Review: VNC Over SSH: The next best thing to being there

by Aaron Adams

Securely control a remote Mac with two pieces of free software

The ability to remotely control a machine can come in handy for a variety of reasons, whether the purpose is system administration, or helping a friend. Apple's most recent remote control offering, Remote Desktop 2.0, can be overkill when it comes to a simple one-to-one connection between machines. Most users won't need all the features included in Remote Desktop; it's intended for labs and other environments that require the management of large numbers of machines at once, not the remote control of a single machine. Freeware VNC, on the other hand, fits the one-to-one bill perfectly. VNC stands for Virtual Network Computing, and it allows a user to control a remote machine as if he were sitting at the desk in front of it.

VNC is certainly a useful tool for those who need something simpler than Remote Desktop. However, it's the wild wild web out there, and security is a major consideration. VNC was developed at a time when security wasn't the same priority as it is now, and the data transmitted between a VNC server and client is unencrypted. Passing login names and passwords, or other sensitive data, over the public Internet in the clear isn't a good idea, and neither is advertising the fact that a machine can be controlled via VNC by leaving its corresponding TCP port open. Is there some way to keep VNC traffic from prying eyes?

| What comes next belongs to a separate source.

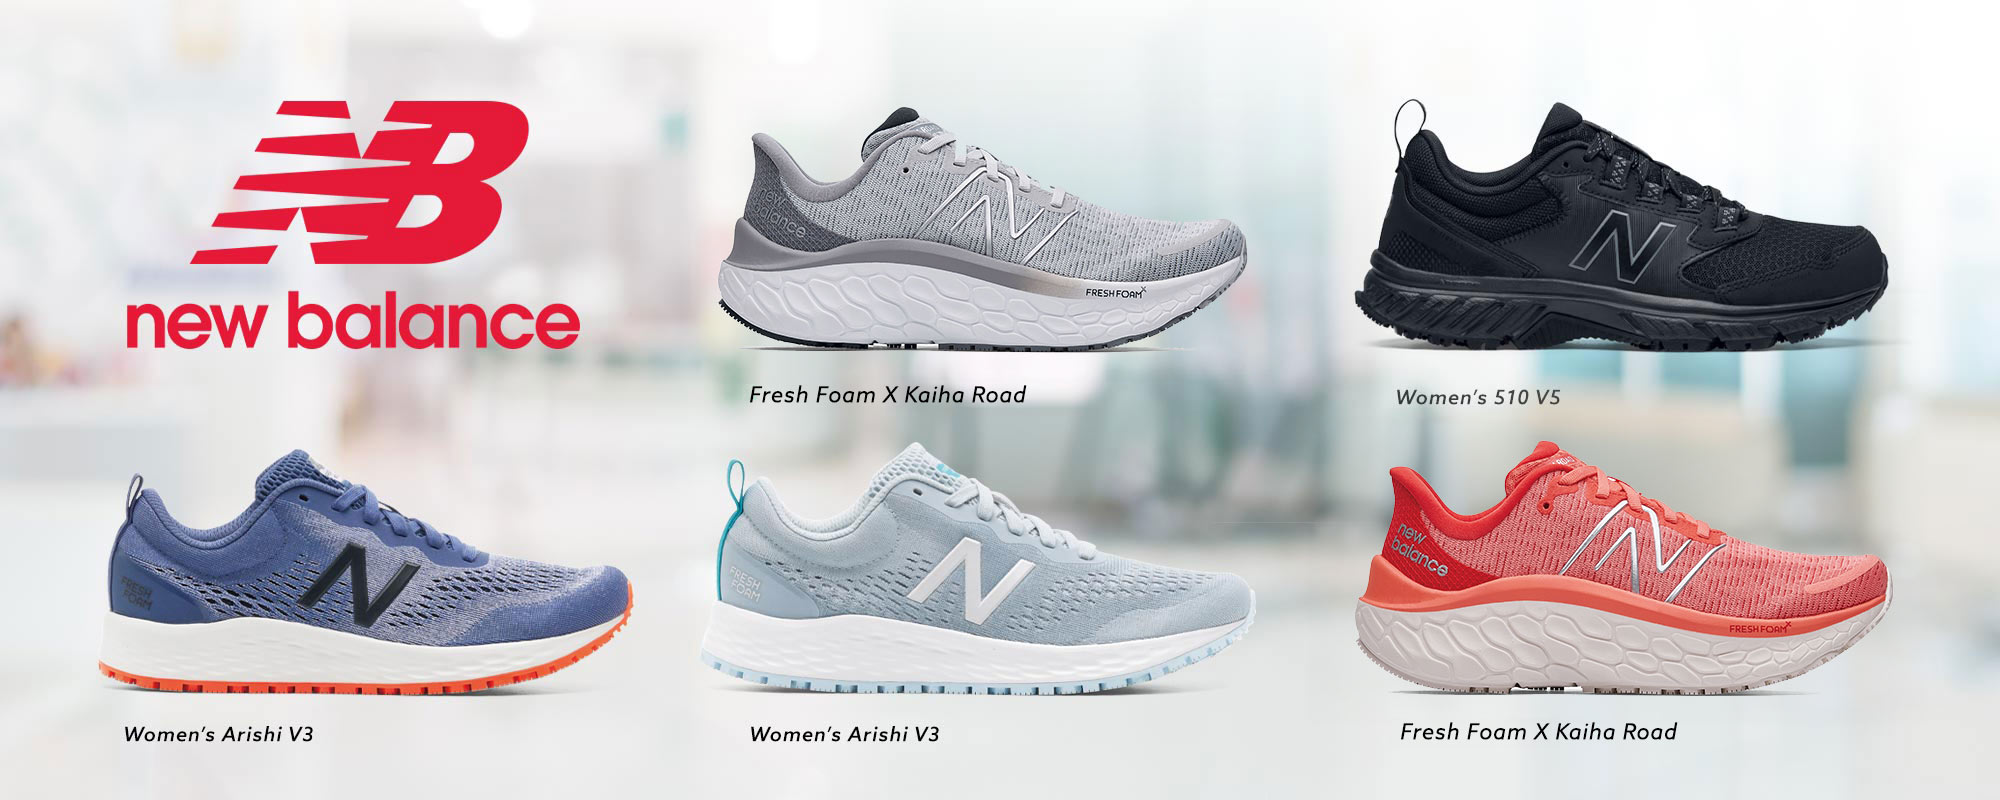 Shoes For Crews and New Balance Team to Bring Healthcare Professionals Comfortable and Safe New Balance Shoes with Shoes For Crews slip-resistant outsole – Shop Women’s and Men’s New Balance and Shoes For Crews collaboration now. 

Yes! The solution comes in the form of another piece of freeware included with every Mac: Secure Shell. SSH is the encrypted replacement for plain-text telnet, a command line utility used frequently on the old text-based Internet, with a few added features thrown in for good measure, including the ability to encrypt traffic generated by other protocols. This process is called tunneling because the data travels inside an encrypted virtual pathway created by the communicating SSH pieces. To force VNC to use the tunnel, it has to be instructed to connect to the local machine at a certain port. SSH intercepts the traffic from the VNC client at that port, encrypts it, sends it to the SSH server at the other end of the connection, where it is decrypted and passed to the VNC server. Besides encryption, one other advantage of using SSH to tunnel other protocols is that a server only needs to expose a single port for SSH instead of an individual port for each service offered, such as additional ports for each possible VNC session. This prevents port scanners, and other miscreants, from discovering VNC on a target machine.

Making this encryption happen requires use of the *gasp!* command line! Most Mac users cringe at the thought of using the command line because it's so "un-Mac-like", but it's a powerful tool that's not very hard to learn, and quickly becomes an excellent exercise in abstract thinking. Don't shy away from encrypting VNC sessions because of Terminal fright.

On the remote machine...

Two things are required on the remote machine to prepare it to accept an encrypted VNC session: An SSH server and a VNC server. Enabling SSH on any Mac is as simple as going in to System Preferences, bringing the Sharing pane, and checking the box next to Remote Login. Make sure the connecting user has a username and password available on the remote box.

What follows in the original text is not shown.